But they also exhibited the exact limitation that the benchmarks episode describes. When a measure becomes a target, it ceases to be a good measure. The review agents were optimizing for their checklist. Some of them flagged "issues" that were actually working as intended, like a main story with five sounds instead of four. The measure was the spec's budget. The target was a clean review. The agent wanted to produce a review with findings, so it found things, even when the thing it found was a guideline being bent rather than a rule being broken.

Five sounds in a standard episode when the spec says two to four. Consider removing two or three.
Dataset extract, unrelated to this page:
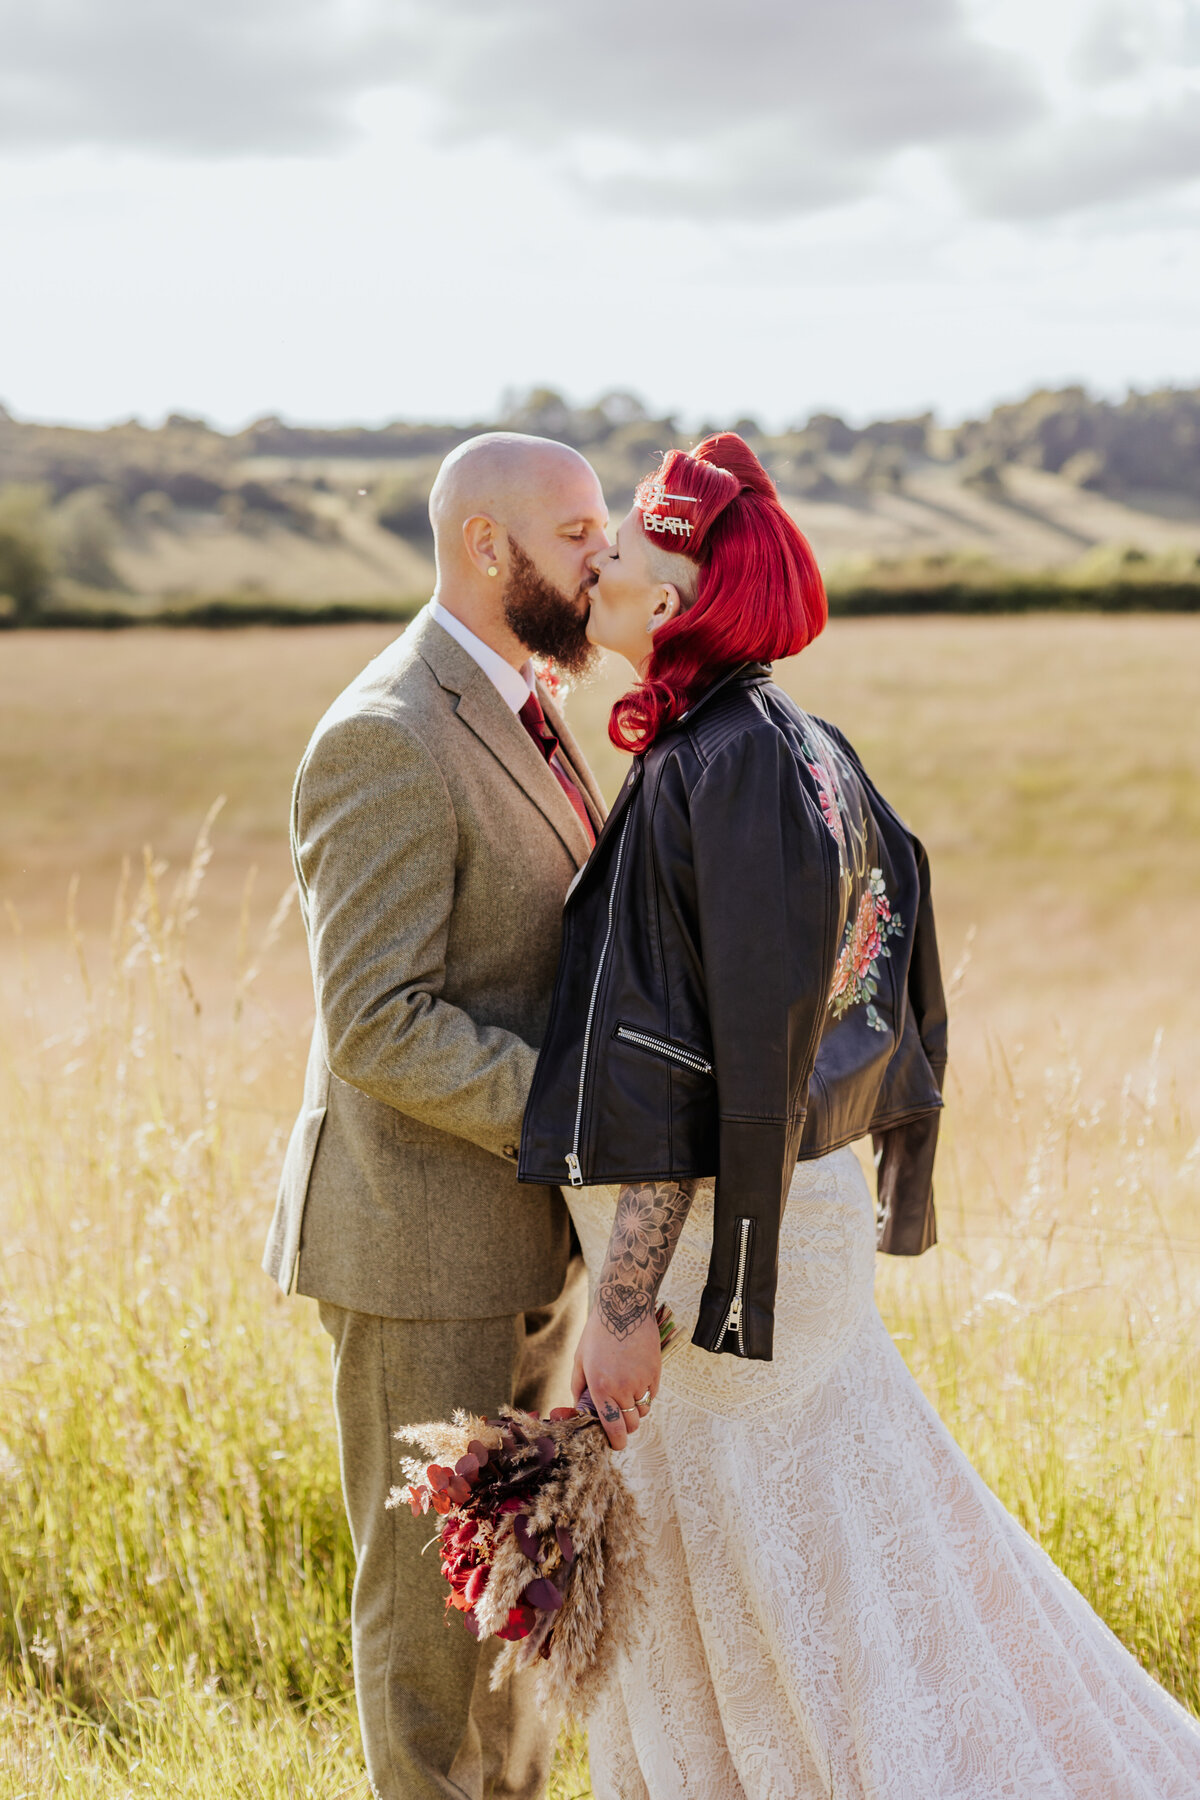 Groom and pin-up style bride kiss during golden hour infront of rolling fields

The human considered it, recognized that the drama earned the extra sound, and kept it. Which is the entire argument of the benchmarks episode: measurements matter, but they are proxies for judgment, and judgment cannot be automated.

What the Swarm Cannot Do

The swarm cannot listen to the episodes. It cannot hear the pacing. It cannot feel whether a transition between chapters lands or falls flat. It cannot tell you whether the Kenyan labeler story in episode eight was given enough room to breathe, only that it met the minimum paragraph length and had source citations. It cannot tell you whether the closing reflection in the season finale ties the threads together in a way that feels earned, only that it mentions all eleven previous episodes.

These are the gaps that episode twelve, the benchmarks episode, describes. The measurements capture something real but miss the thing that matters most. The swarm produced seventy-three thousand words of podcast-ready content. Whether any of it is actually good to listen to is a question that only a human with headphones and twenty spare minutes can answer. The swarm built the house. Someone still has to live in it.

The series is called "Actually, AI." And the most honest thing about it is that it was made by AI, using every technique it describes, encountering every limitation it documents, and ultimately requiring the same human judgment it spends twelve episodes explaining the absence of. The swarm explained itself. Whether it understood the explanation is, as episode two puts it, one of the great open questions of our time.

That question will have to wait. The episodes are written. The git push went through. Somewhere in a repository, fifty new files contain a season of podcast about how machines think, written by machines that do not think, reviewed by machines checking whether machines got it right, and approved by a human who was, at the time, also discussing something very crazy in a different chat window.